Clone wiki

biobakery / shortbred

ShortBRED Tutorial

ShortBRED (Short, Better Representative Extract Dataset) is a pipeline to take a set of protein sequences, cluster them into families, build consensus sequences to represent the families, and then reduce these consensus sequences to a set of unique identifying strings ("markers"). The pipeline then searches for these markers in metagenomic data and determines the presence and abundance of the protein families of interest.

For additional information, please refer to the manuscript: Kaminski J, Gibson MK, Franzosa EA, Segata N, Dantas G, Huttenhower C.High-specificity targeted functional profiling in microbial communities with ShortBRED. PLoS Comput Biol. 2015 Dec 18;11(12):e1004557.

We provide support for ShortBRED users. Please join our Google group designated specifically for ShortBRED users. Feel free to post any questions on the google group by posting directly or emailing shortbred-users@googlegroups.com



Overview

The following figure shows the workflow of ShortBRED.

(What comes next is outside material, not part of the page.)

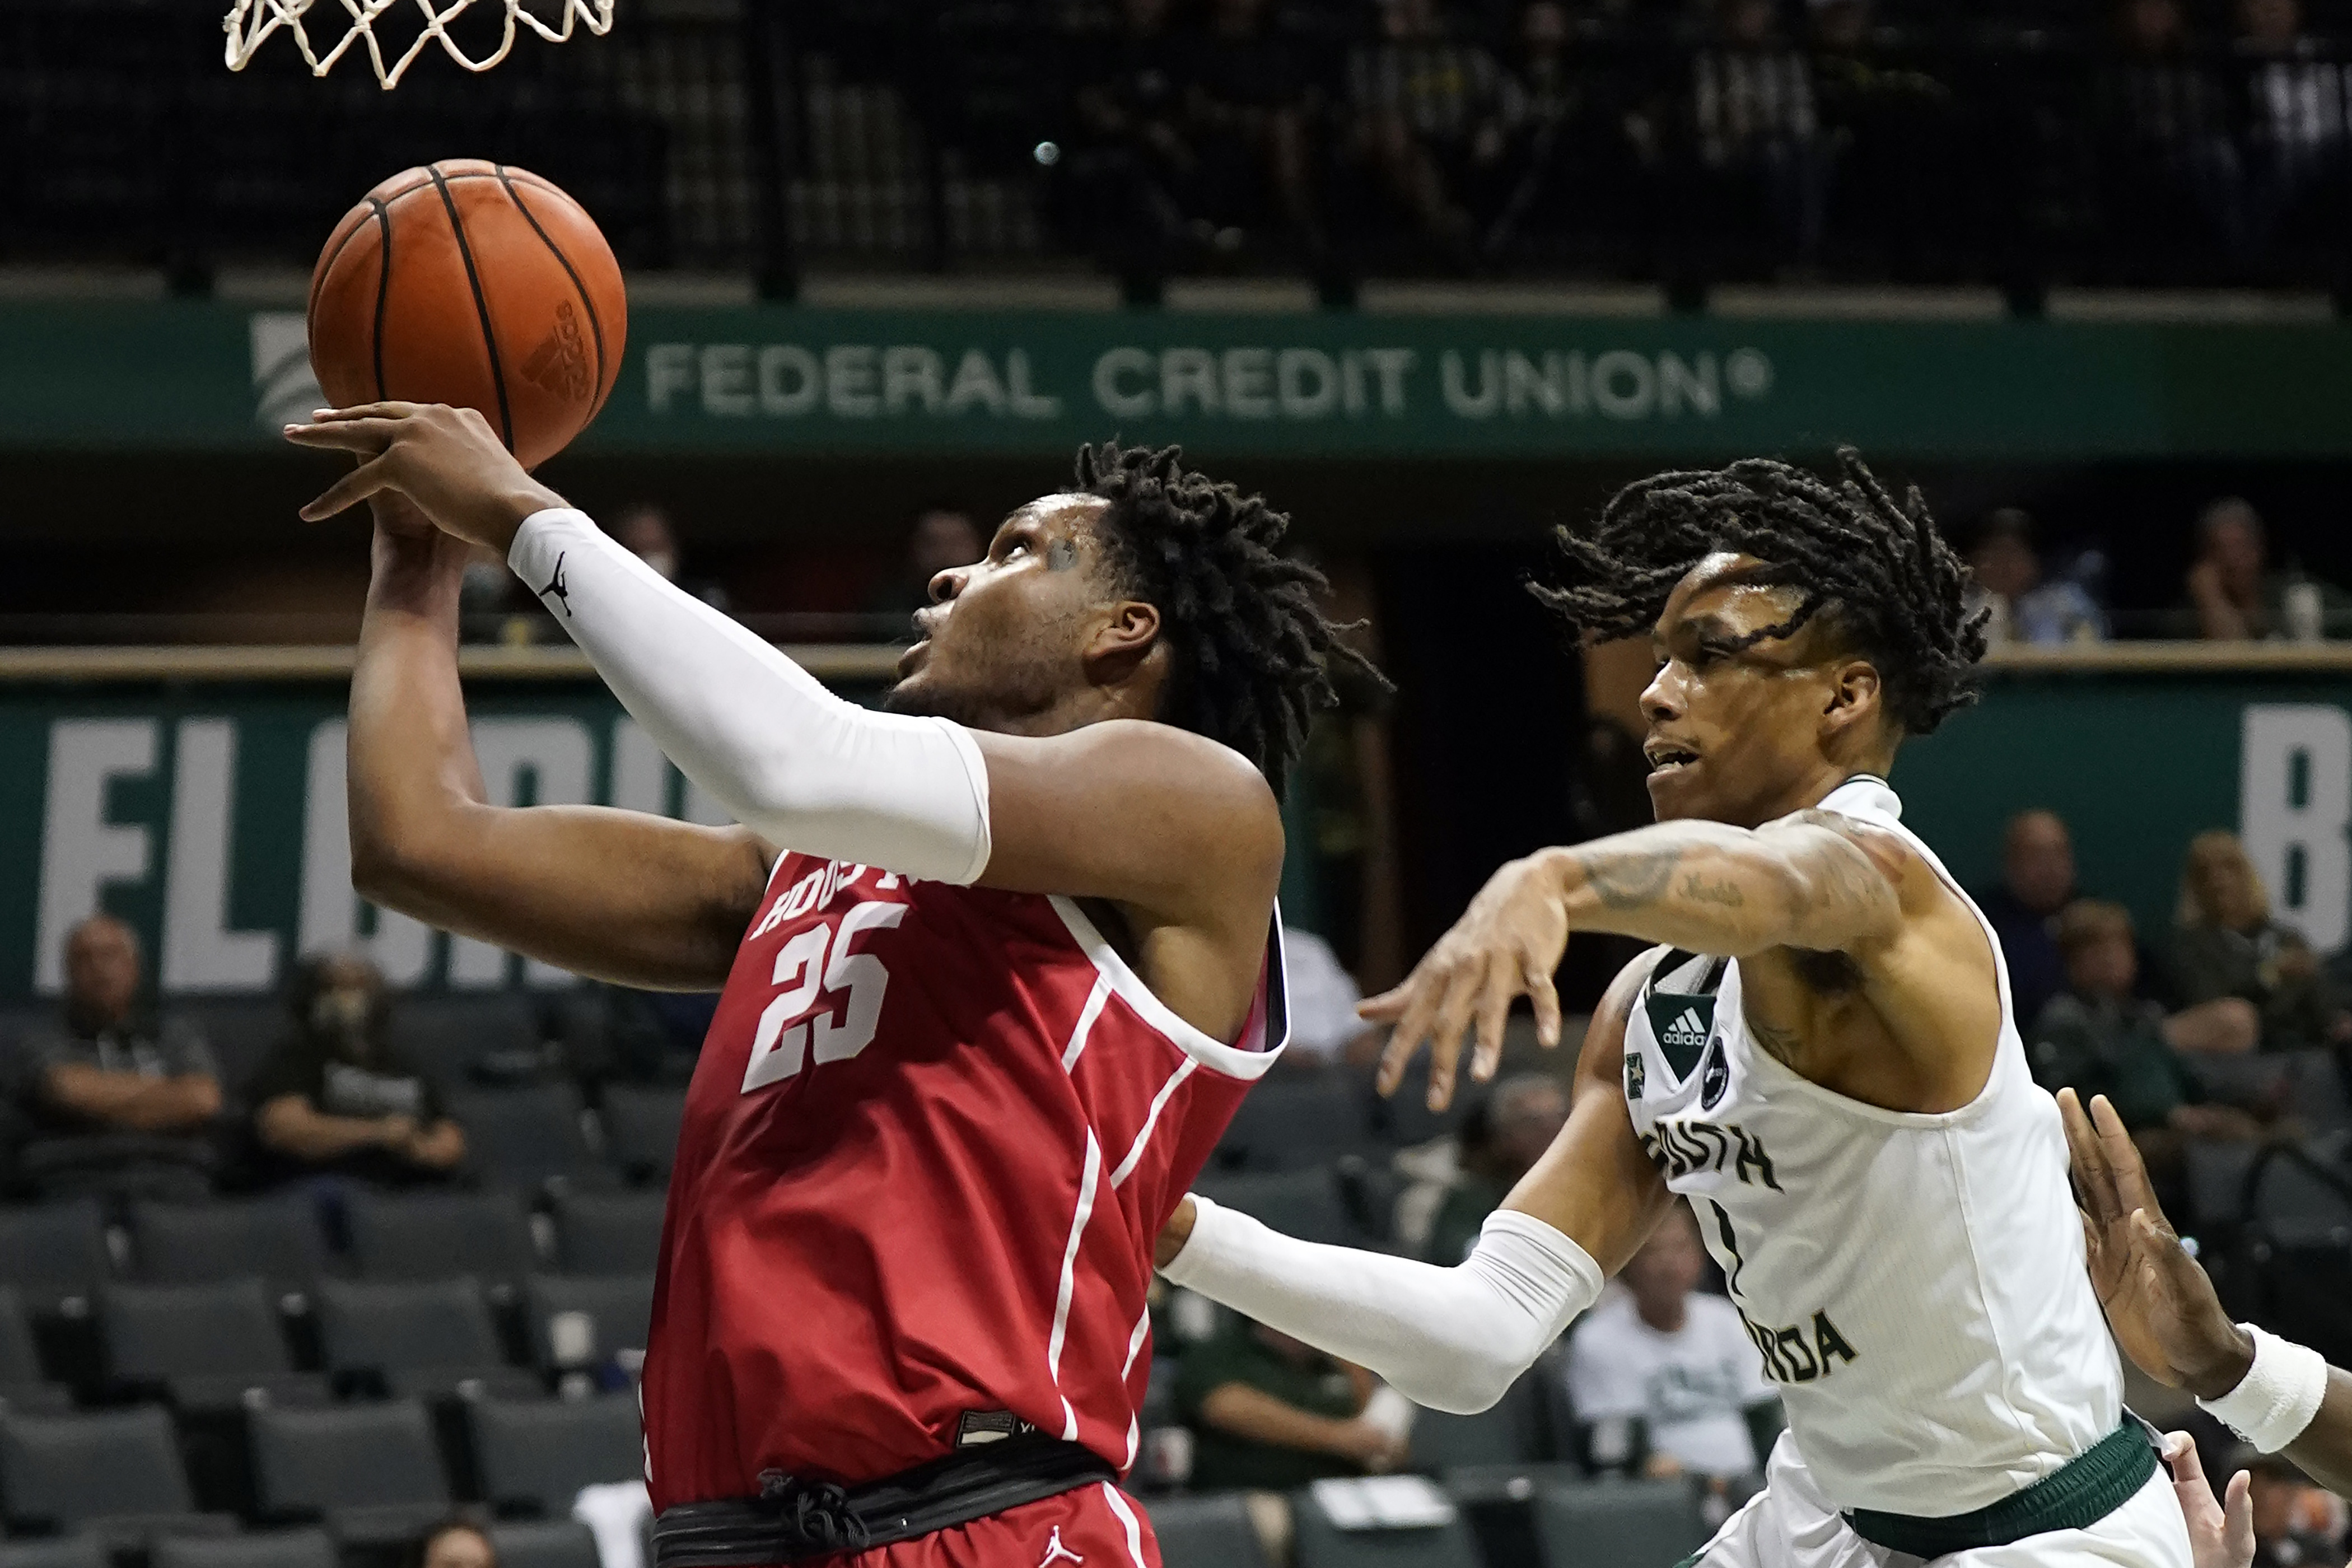 Looking Back: UH men's basketball top 5 performances of the 2019
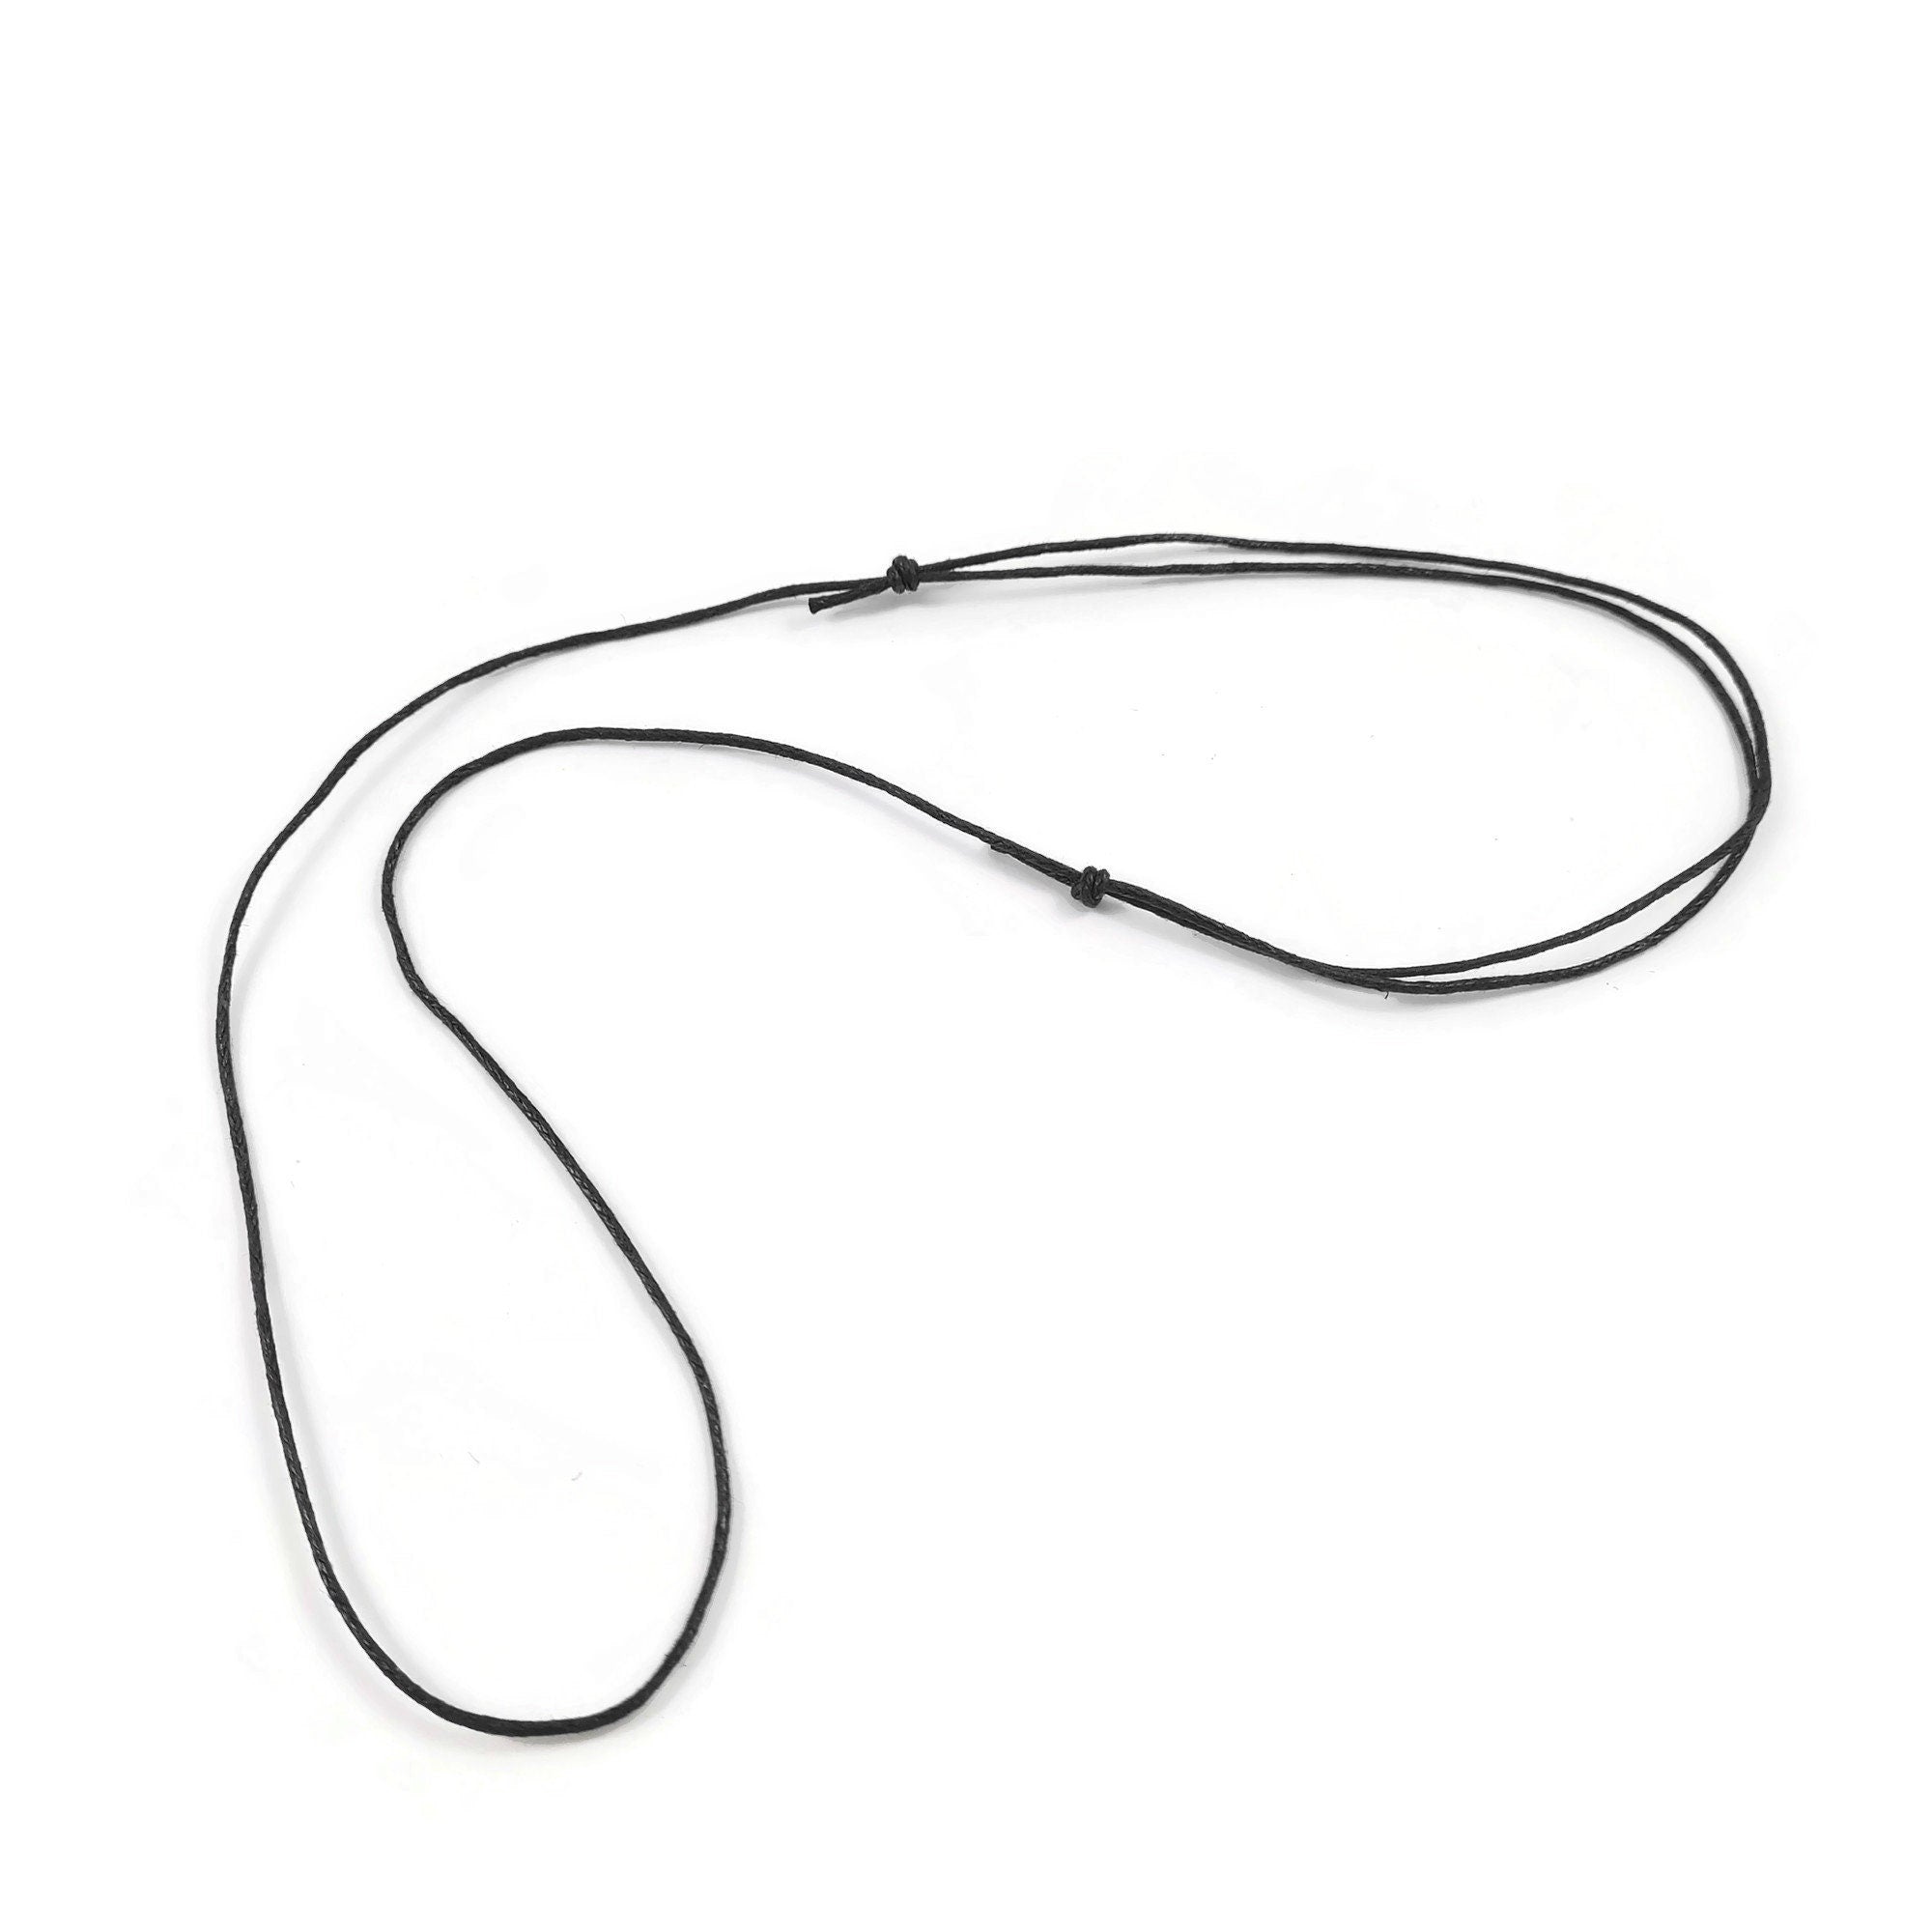 Adjustable cord necklace, Black waxed cotton string 1mm, 2mm

http://huttenhower.sph.harvard.edu/sites/default/files/webfm/Jim/Figure1.png

1. Install

ShortBRED can be installed with Homebrew or run from a Docker image. Please note, if you are using bioBakery (Vagrant VM or cloud) you do not need to install ShortBRED because the tool and its dependencies are already installed. However, you will need to install the dependency USEARCH which requires a license. Follow the commands in the instructions to install bioBakery dependencies that require licences.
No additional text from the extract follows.